Run the script on the provided local file or hosted video URL.

The script prints JSON with the output artifact paths. Important outputs include:

- `analysis_md`
- `analysis_json`
- `transcript_md`
- `metadata_json`
- `frames_dir`
- `contact_sheet_artifact`

### Phase 2: Inspect the artifacts

Read the generated `analysis.md` and `analysis.json` first.

Then inspect:

- `transcript.md` for the actual spoken content
- selected images from `frames/` when visual state matters
- `contact-sheet.jpg` for a quick visual sweep across sampled frames
- `metadata.json` for transcript method, duration, source kind, and frame sampling details

### Phase 3: Produce the real brief

Return a concise, useful brief to the user that includes:

- what the video is trying to show
- likely bug / proposal / walkthrough intent
- key moments or timestamps
- likely impacted area or flow
- the clearest next actions

Do not just echo the generated markdown blindly. Use the artifacts as evidence and produce a thoughtful agent answer.

## Minutes-first transcription rules

This skill should prefer transcript backends in this order:

1. hosted captions / VTT when the source exposes them
2. `minutes process` with an isolated temporary config
3. local `whisper` CLI if available
4. OpenAI audio transcription only as a last resort when configured

Important:

- the Minutes path should use the user's current Minutes transcription setup
- if Minutes is configured for Whisper, use Whisper
- if Minutes is configured for Parakeet, use Parakeet
- do not silently fork a separate transcription stack unless the Minutes path is unavailable

When reporting the artifacts back to the user, preserve the transcript method exactly. Prefer labels like:

- `vtt_captions`
- `minutes-whisper`
- `minutes-parakeet`
- `minutes-whisper-fallback`
- `local_whisper_cli`
- `openai_audio_transcription`

## Context discipline

This skill must stay disciplined about context size.

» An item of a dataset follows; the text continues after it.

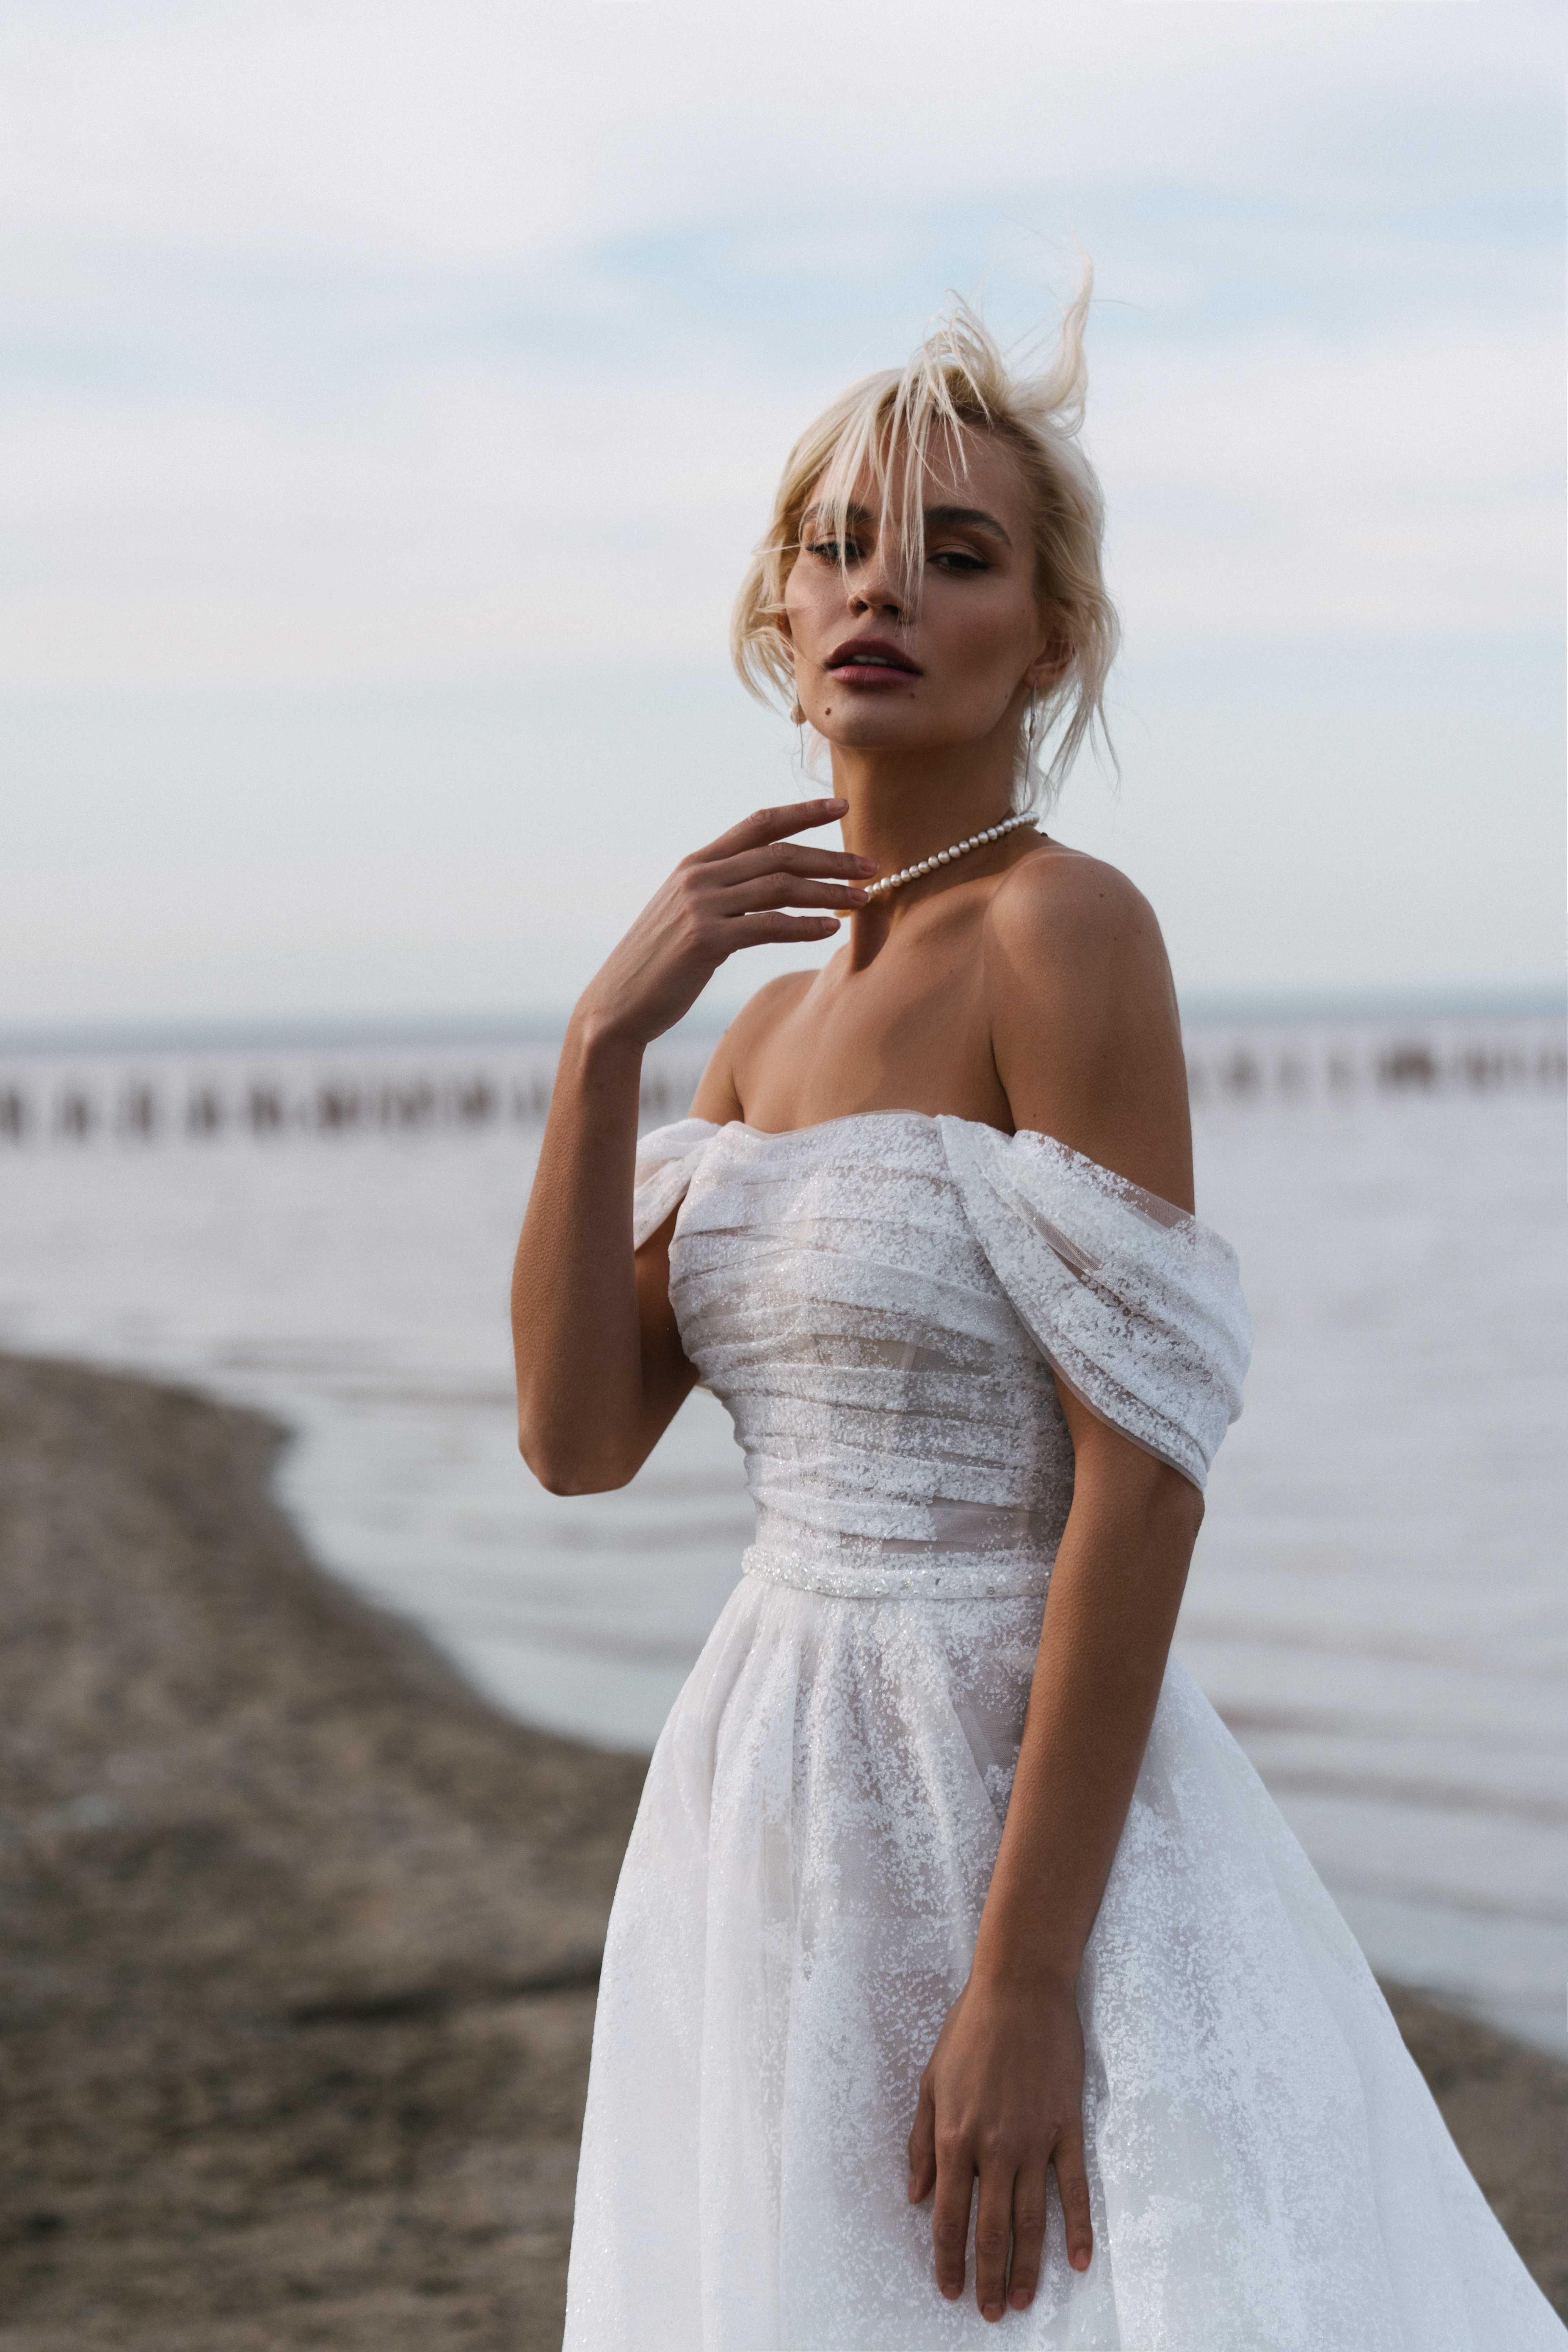 Купить свадебное платье «Моана» Наталья Романова из коллекции Блаш 2022 года в салоне «Мэри Трюфель»

- Do not send the full video itself to the reasoning layer.
- Do not dump a long transcript and dozens of frames into the final answer.
- Treat the transcript as the backbone and frames as supporting evidence.
- Prefer inspecting a curated subset of frames instead of every sampled image.

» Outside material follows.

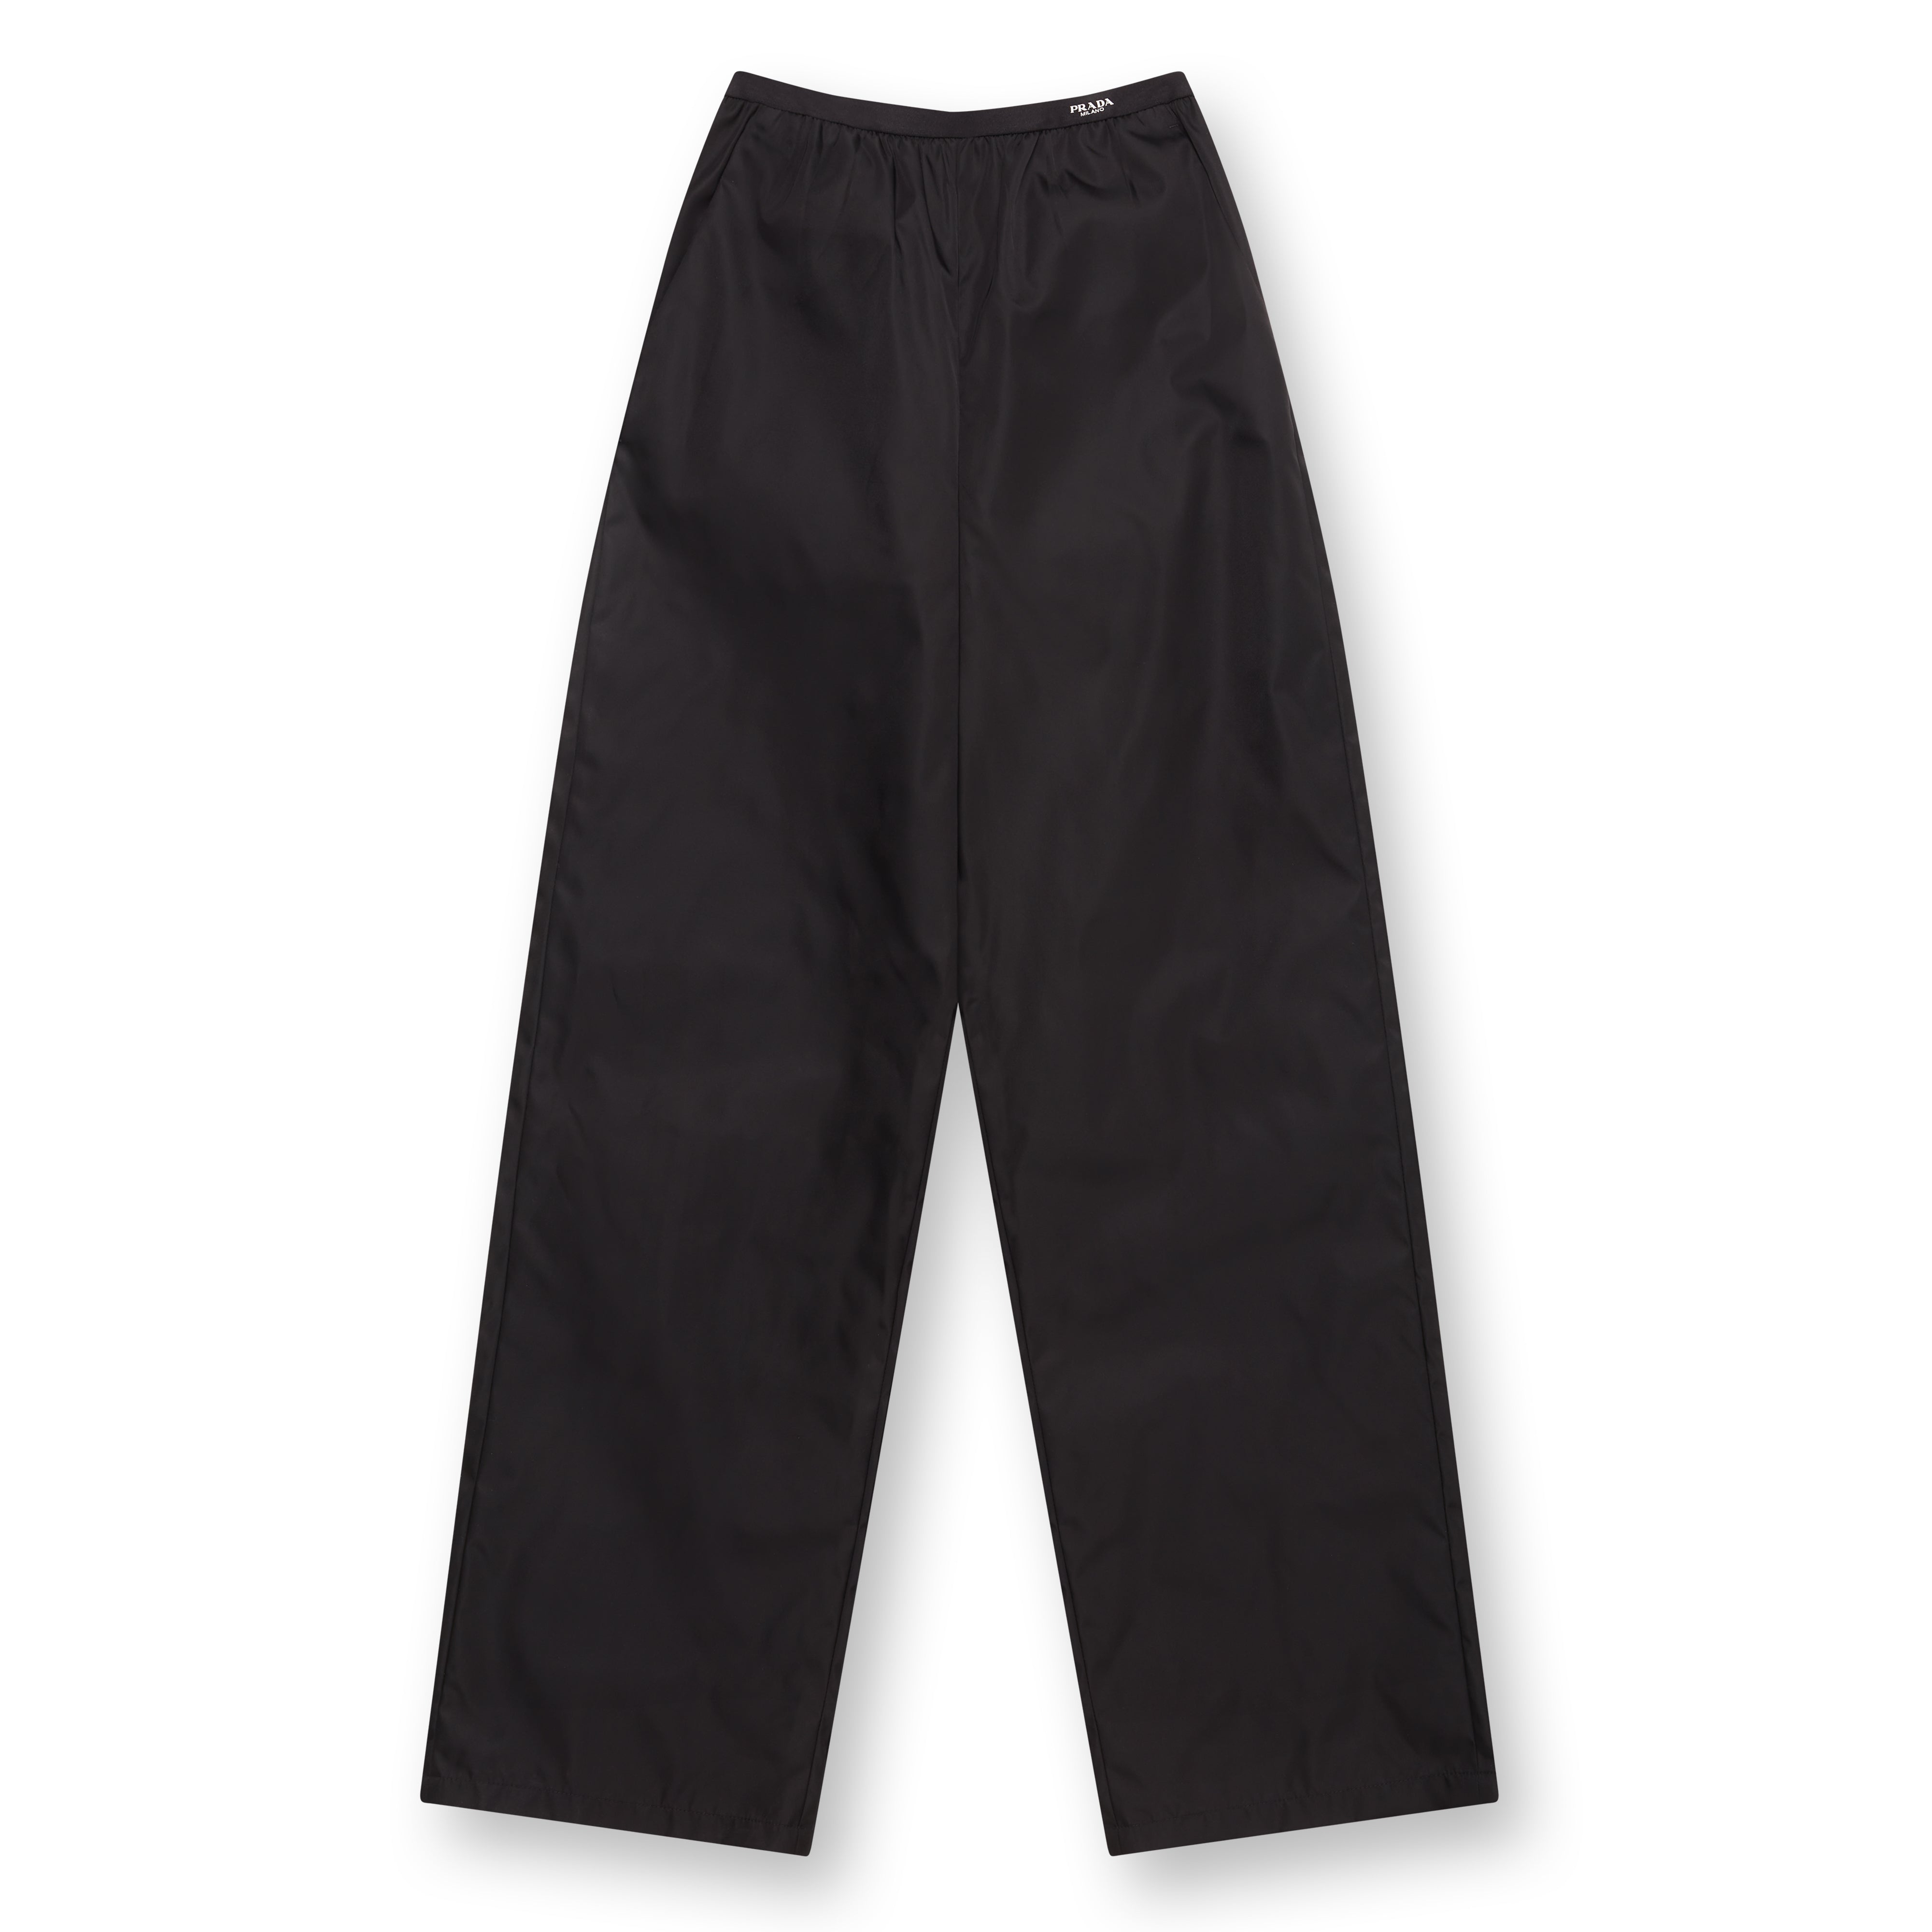 Prada - Women’s Re-Nylon Pants - (Black)

The bundled script already caps frames adaptively, but you should still exercise judgment when deciding what to read or mention.

## Output contract

The script writes a durable bundle under:

```bash
~/.minutes/video-reviews/<timestamp>-<slug>/
```

Expected files:

- `analysis.md`
- `analysis.json`
- `transcript.md`
- `metadata.json`
- `frames/`

These artifacts are **not** part of the normal `~/meetings/` corpus by default.

## Dependencies

See:

- `$MINUTES_SKILL_ROOT/references/dependencies.md`
- `$MINUTES_SKILL_ROOT/references/output-schema.md`

## Gotchas

- **Hosted URLs need `yt-dlp`.** Local file review still works without it.
- **Frame caps are intentional.** The script samples enough evidence to review the video without turning this into a generic video-intelligence pipeline.
- **Minutes artifacts stay isolated.** The script uses a temp config/output path for the Minutes transcription run so it does not pollute the user's normal archive.
- **Model-powered auto-analysis is optional.** The generated `analysis.md/json` may be heuristic when no multimodal provider key is available. You still need to read the artifacts and produce the final answer.
- **Long videos need synthesis, not brute force.** If the transcript is long, work from the generated artifacts and only open the most relevant frames and transcript sections.